**Exercise**
Restate the data below word for word. Leave the images out.

**Dataset content**
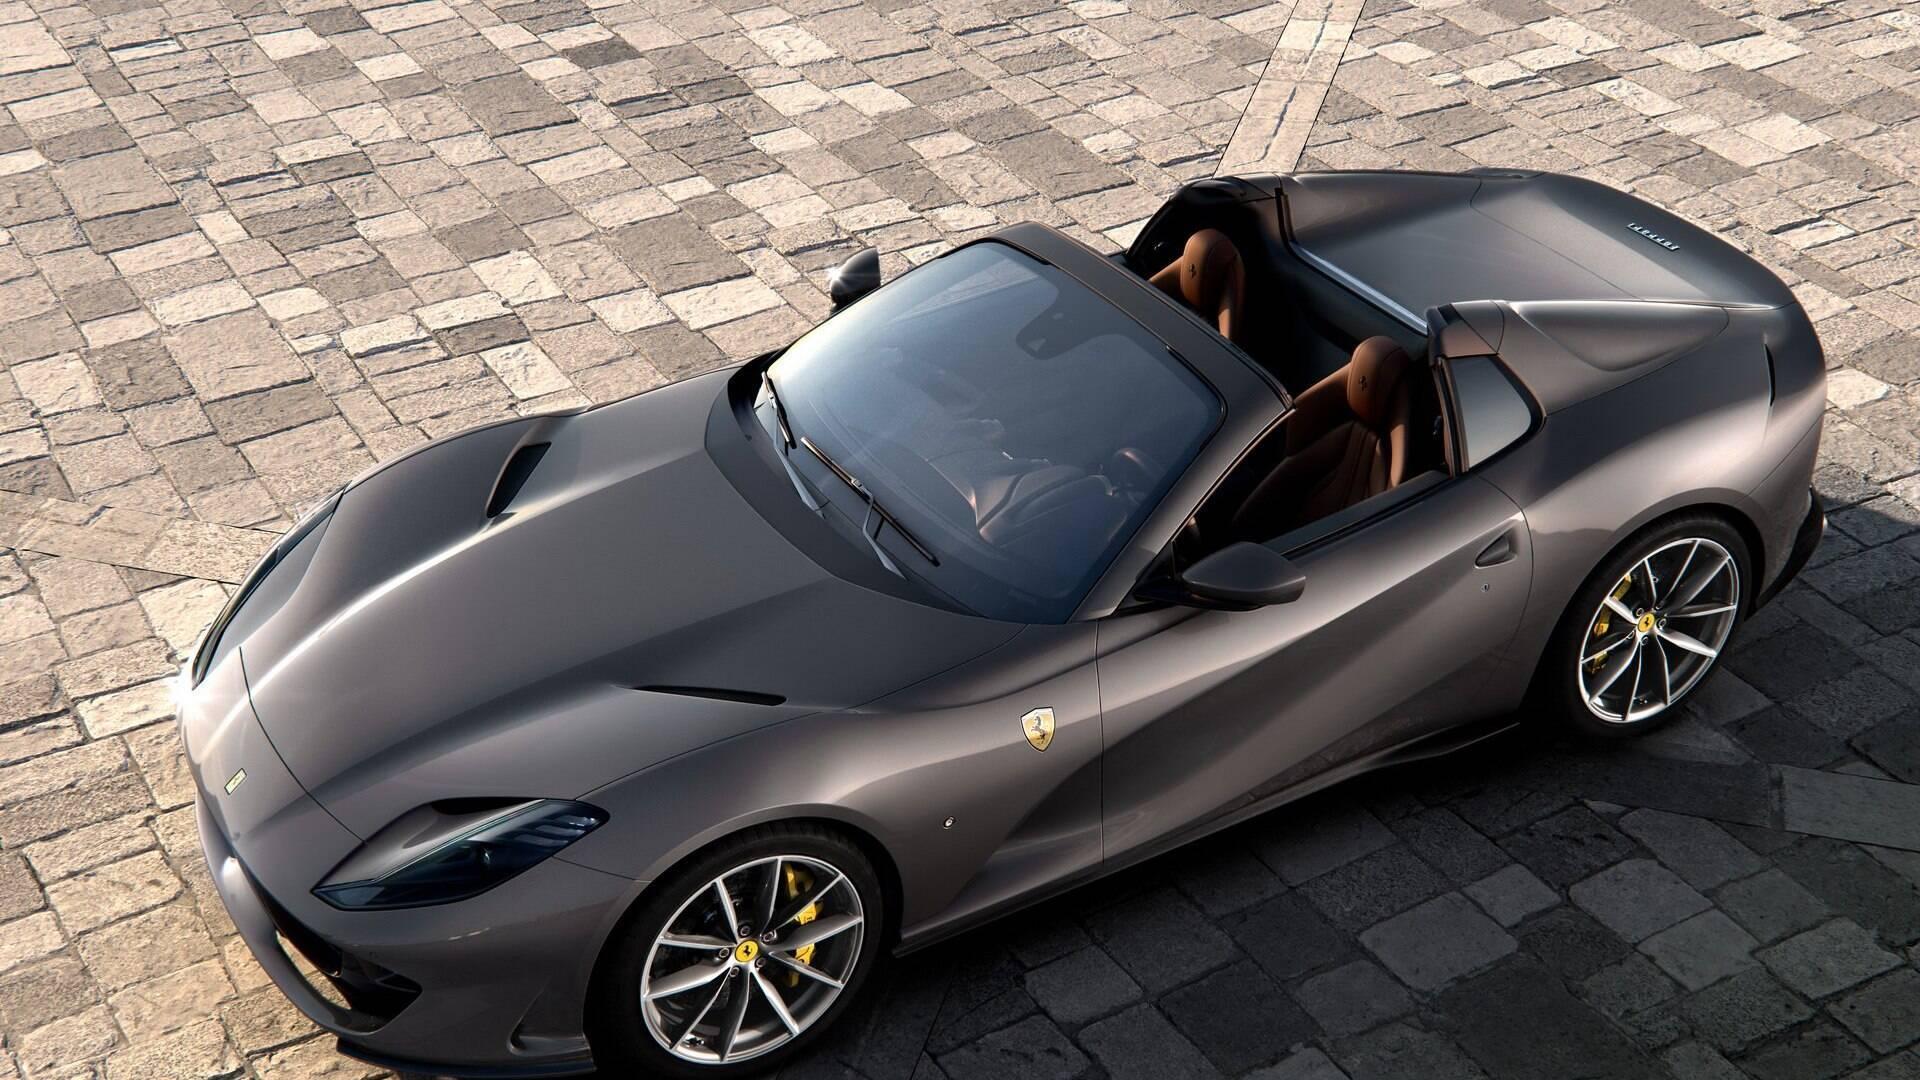 Ferrari Revela Novo 812 Gts O Conversivel Mais Potente Do Mundo Carros Ig
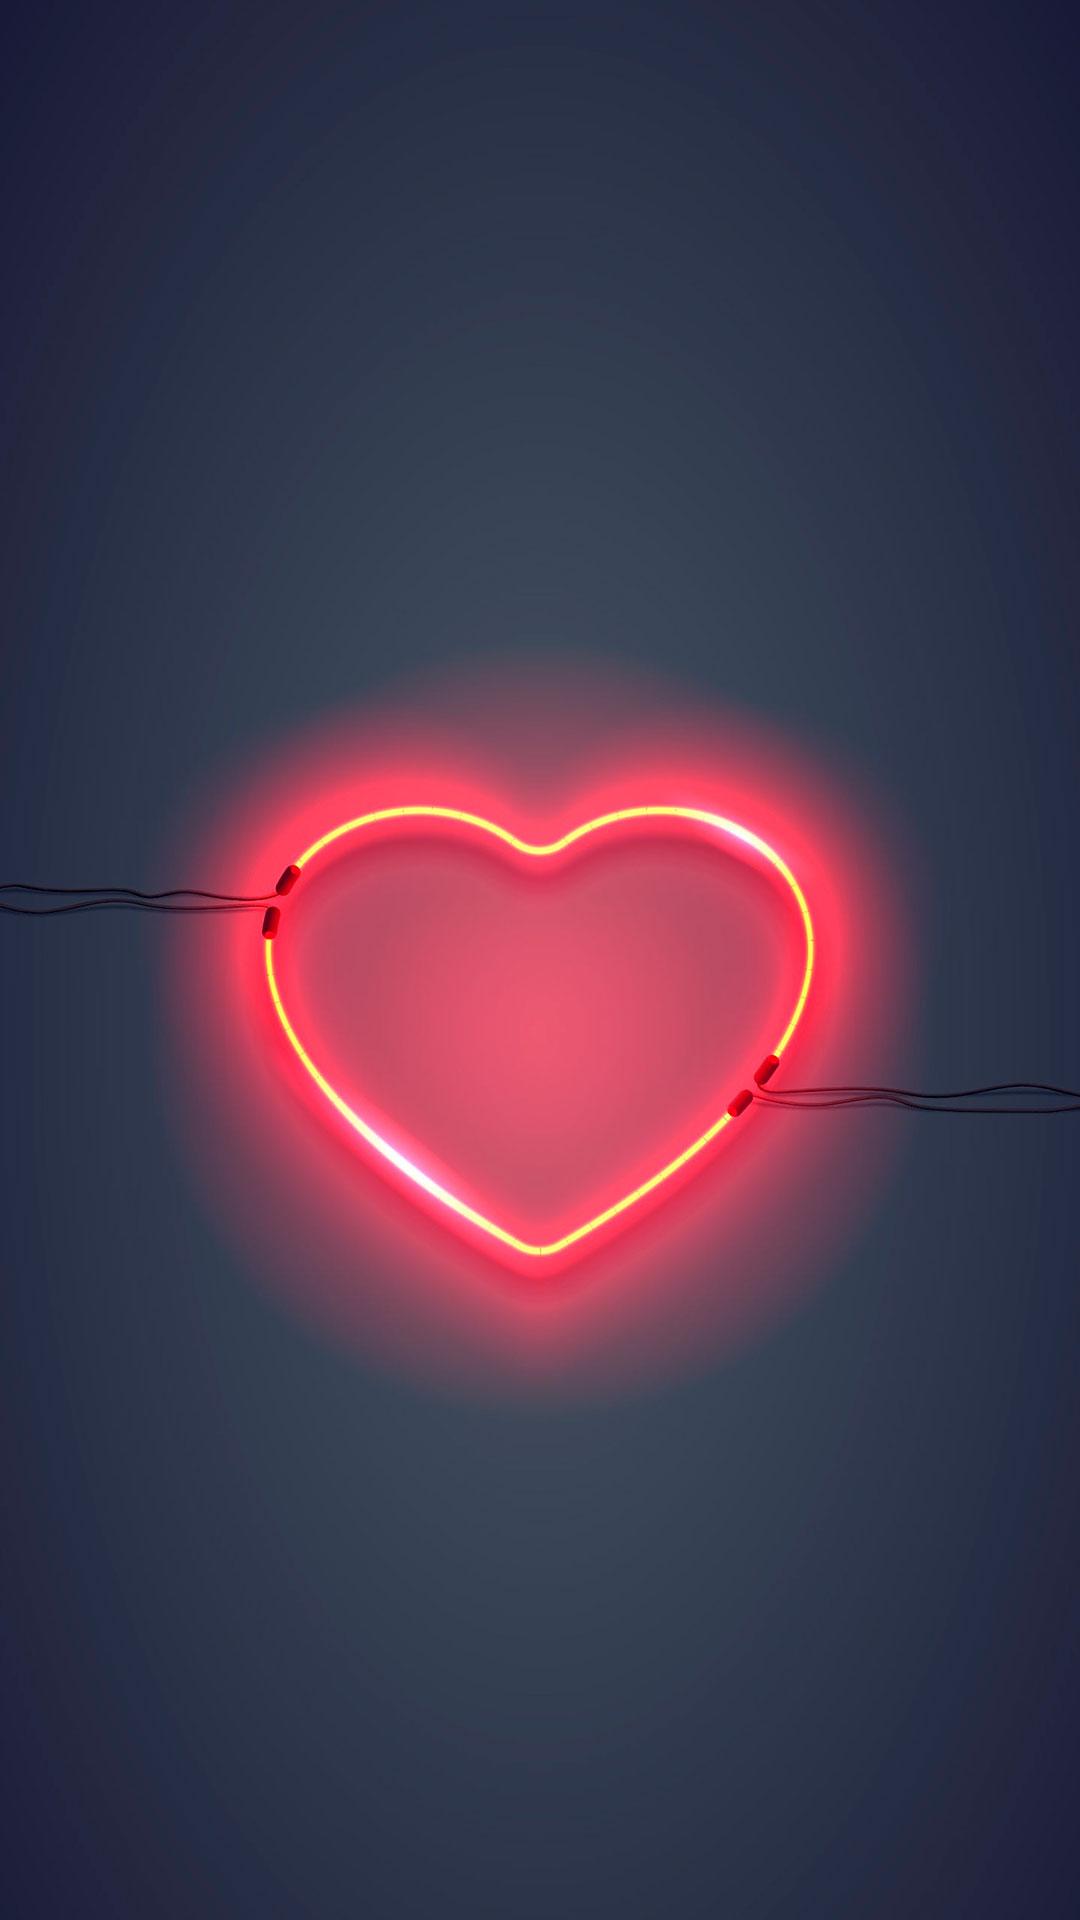 iPhone wallpaper neon sign heart Neon Sign
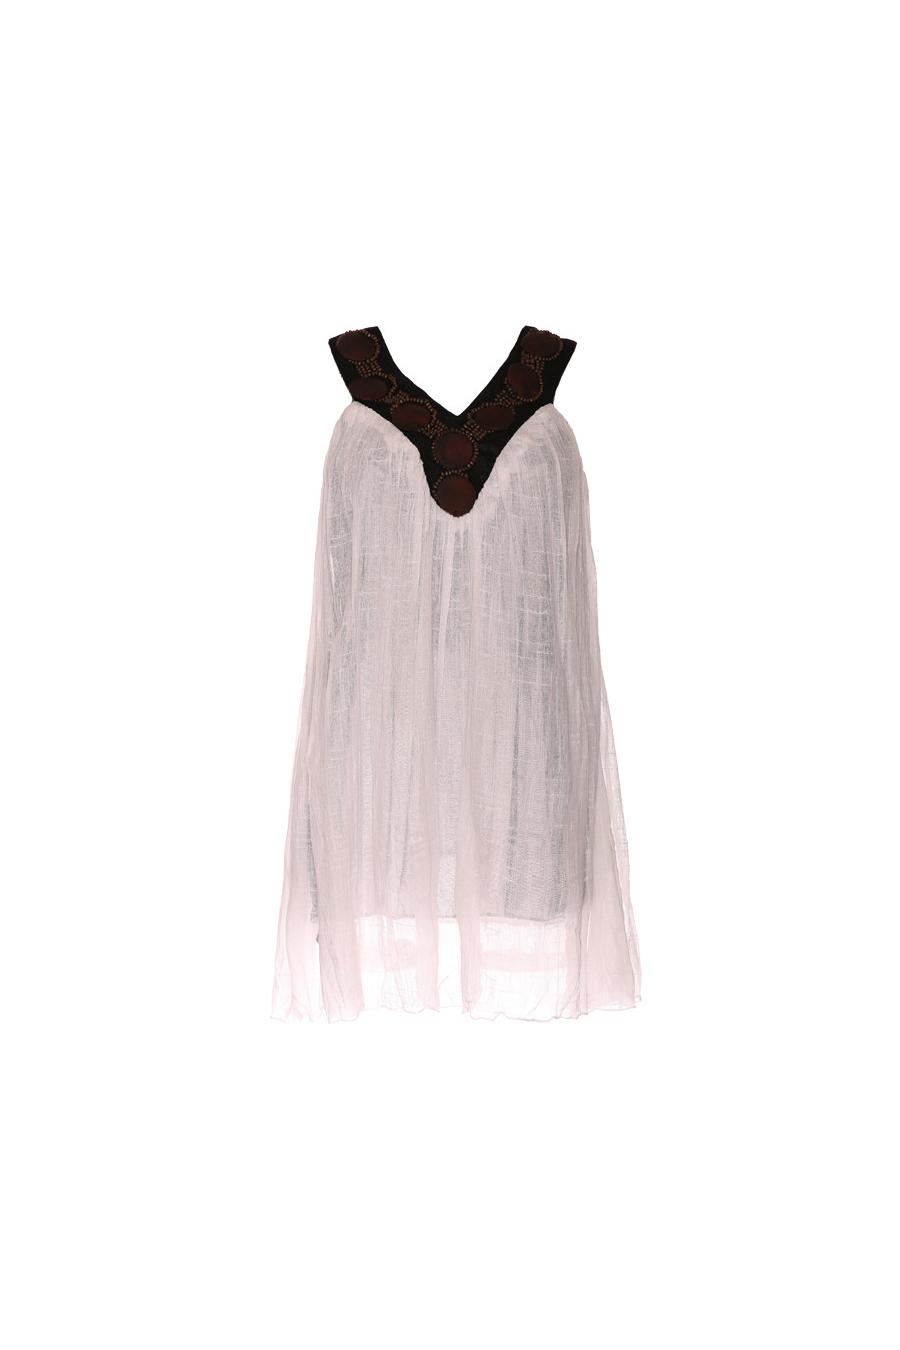 Witte tuniek voor dames met bruine parels bij de kraag. Mode vrouw kleren. 1319
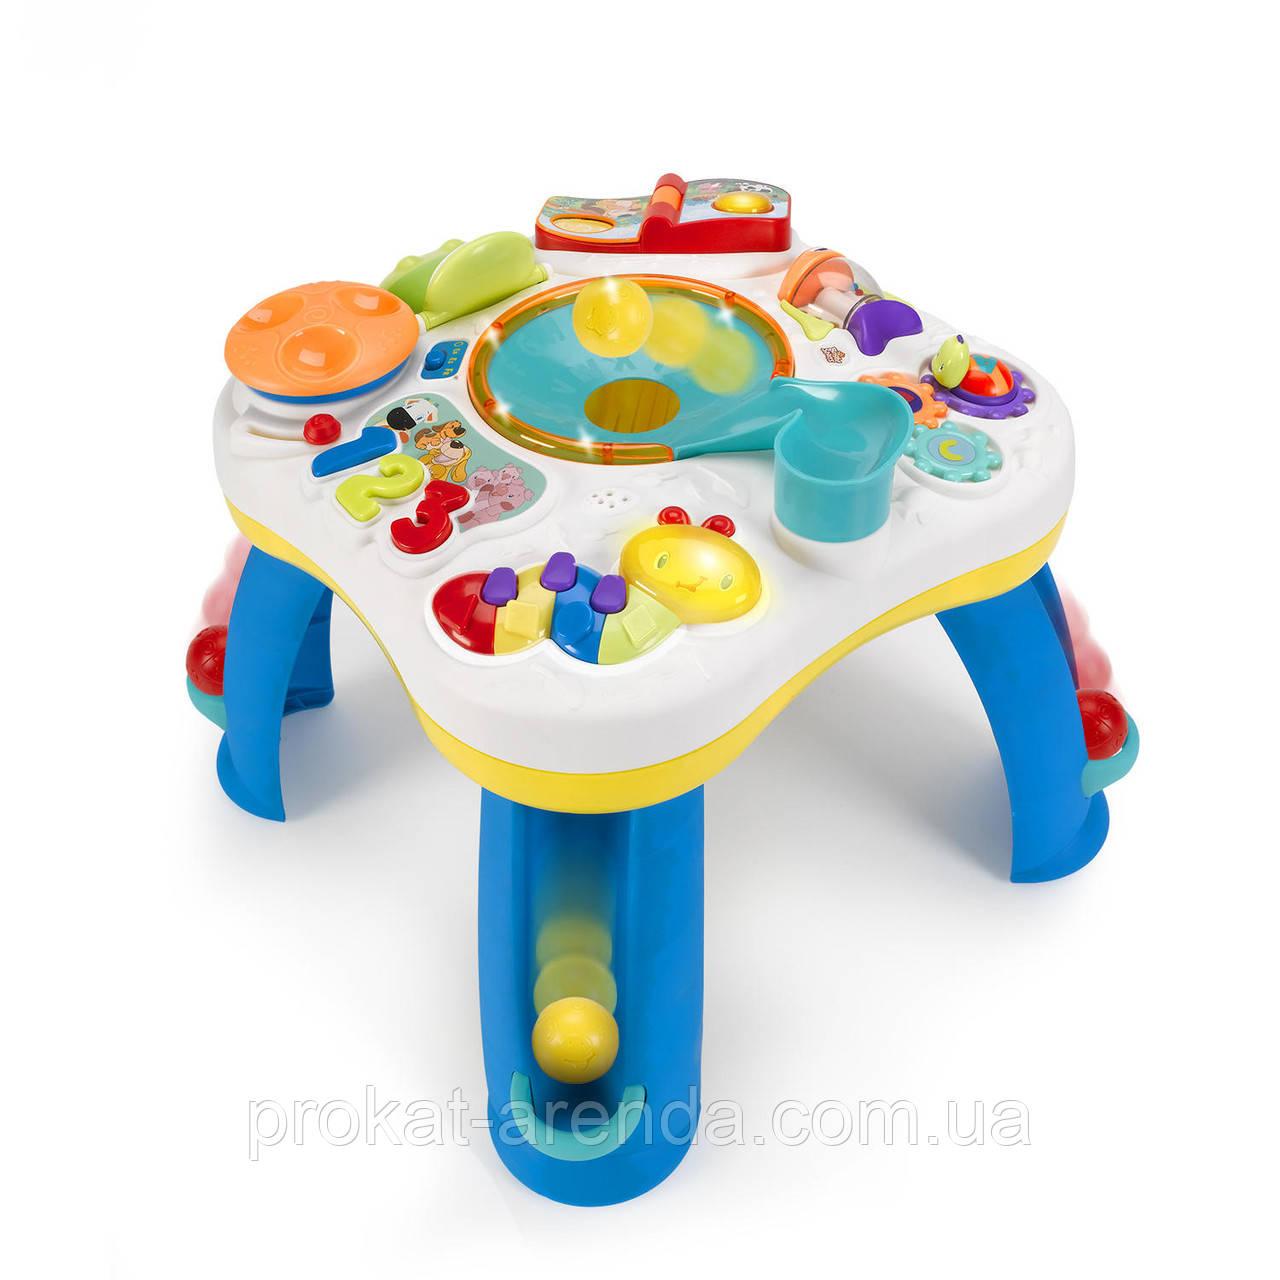 """Музичний столик """"Спритні м'ячики"""" Bright Starts"""

**Response to the exercise**
 Ferrari Revela Novo 812 Gts O Conversivel Mais Potente Do Mundo Carros Ig
 iPhone wallpaper neon sign heart Neon Sign
 Witte tuniek voor dames met bruine parels bij de kraag. Mode vrouw kleren. 1319
 """Музичний столик """"Спритні м'ячики"""" Bright Starts"""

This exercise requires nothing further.